Si oggi è il fatidico giorno.
Quello in cui dovresti essere felice e gioioso.
Quello in cui chiunque ti incontra ti fa "tanti auguri!".
E tutti quanti si affrettano a dirti, BUON COMPLEANNO.
E io dico:"BUON COMPLEANNO UN CORNO!!"
Che ci sarà mai da festeggiare?
Non c'è piu' la mia mamma a farmi la torta di fragole fuori stagione.
Son rimasta al buio quasi per tre ore con il mio bimbo, perchè è andata via la luce in tutto il paese!
Ho rischiato di non poter preparare la cena alle persone che erano state invitate per "la festa".
Il mio fidanzato di sempre lavora fino alle 2.00 di notte e non lo vedrò fino a lunedì.
E da qualche giorno ho anche avuto discussioni con papà.
Si ma non mi lamento perchè quest'anno è andato tutto a catafascio.
No.
Ma perchè ogni anno va tutto a catafascio!!
Sembra che intorno alla data del mio compleanno ci sia una sorta di nuvoletta di Fantozzi!!
Sapete quella nuvoletta che lo accompagnava ogni volta che voleva prendersi un pò di tempo per lui...
A me capita al mio compleanno.
Va tutto male, nessuno si ricorda ed è anche peggio quando magari tre giorni dopo ti arriva un sms completo di scuse accampate alla bene e meglio.
Ma si.
In fondo non è andata poi così male....
A parte la torta che abbiamo cotto durante la cena.
A parte la luce che è poi tornata puntuale per l'ora di cena.
Ho avuto il mio bimbo vicino tutto il giorno, e amici sinceri che sono stati con me tutta la sera.
Anche mio papà ha sotterrato l'ascia di guerra per un'oretta quando l'ho invitato per una fetta di torta.
Si però che fatica...
E la mia mamma non ci sarà mai piu' per il mio compleanno!
Quindi scusate ma BUON COMPLEANNO UN CORNO!!!

martedì 6 settembre 2011

QUANDO LA PUBBLICITA' RASENTA L'OFFESA...

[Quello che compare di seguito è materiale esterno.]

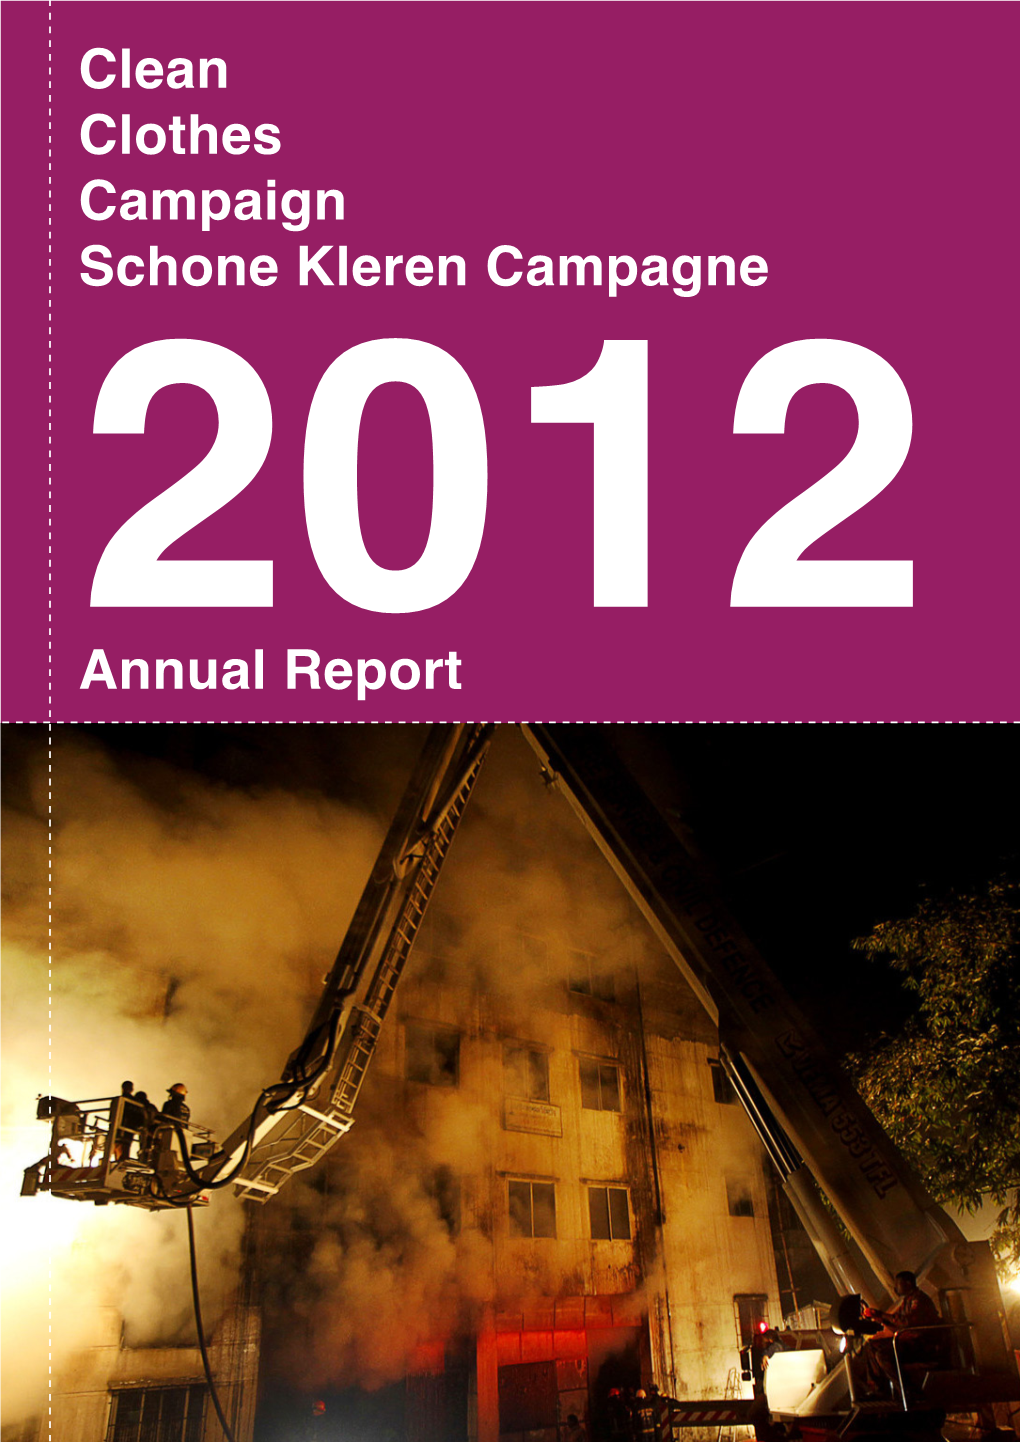 Annual Report Clean Clothes Campaign Schone Kleren Campagne

Ne parlavo l'altra sera con mio papà... irriverenti, quasi scostumati! ma come gli è venuto in mente...
Che razza di pubblicitario potrebbe inventare uno spot del genere?
E chi è che lo ha pagato per tale scempio?
Premetto non sono certo la migliore cattolica d questo mondo, anzi  dire la verità non credo nemmeno di esserlo più veramente.
Ma questa mattina passando davanti alla chiesa del mio paese, dovendo andare a chiedere al parroco se per cortesia mi celebra la messa per mia mamma, su di un banchetto vicino all'ingresso trovo una copia di famiglia cristiana, con a fianco una cassetta per le offerte
E bene ne ho presa una copia, e cosa trovo a pagina 8?
Un signore che scrive esattamente quello che ho pensato io!!!
Perchè mai un'azienda come Sky dovrebbe utilizzare simile iconografia con richiami religiosi per vendere il suo prodotto che nulla ha a che fare con la religione???????
Insomma!
Ma dove siamo finiti?
Che c'è hanno forse bisogno di un miracolo per vendere a così caro prezzo un prodotto comunque scadente  e discutibile che offre ciò che la tv statale offre gratuitamente?
Mi dispiace se ultimamente rischio di sembrare forse un pochettino polemica, ma invece di pensare a chi va al letto con chi e fare tanto i moralisti sulle abitudini sessuali di chiunque, mi domando perchè non torniamo a chiederci quali sono veramente i valori della vita.
Non mi sembra il caso di usare Gesù e i suoi miracoli per vendere un abbonamento TV!!!!!!!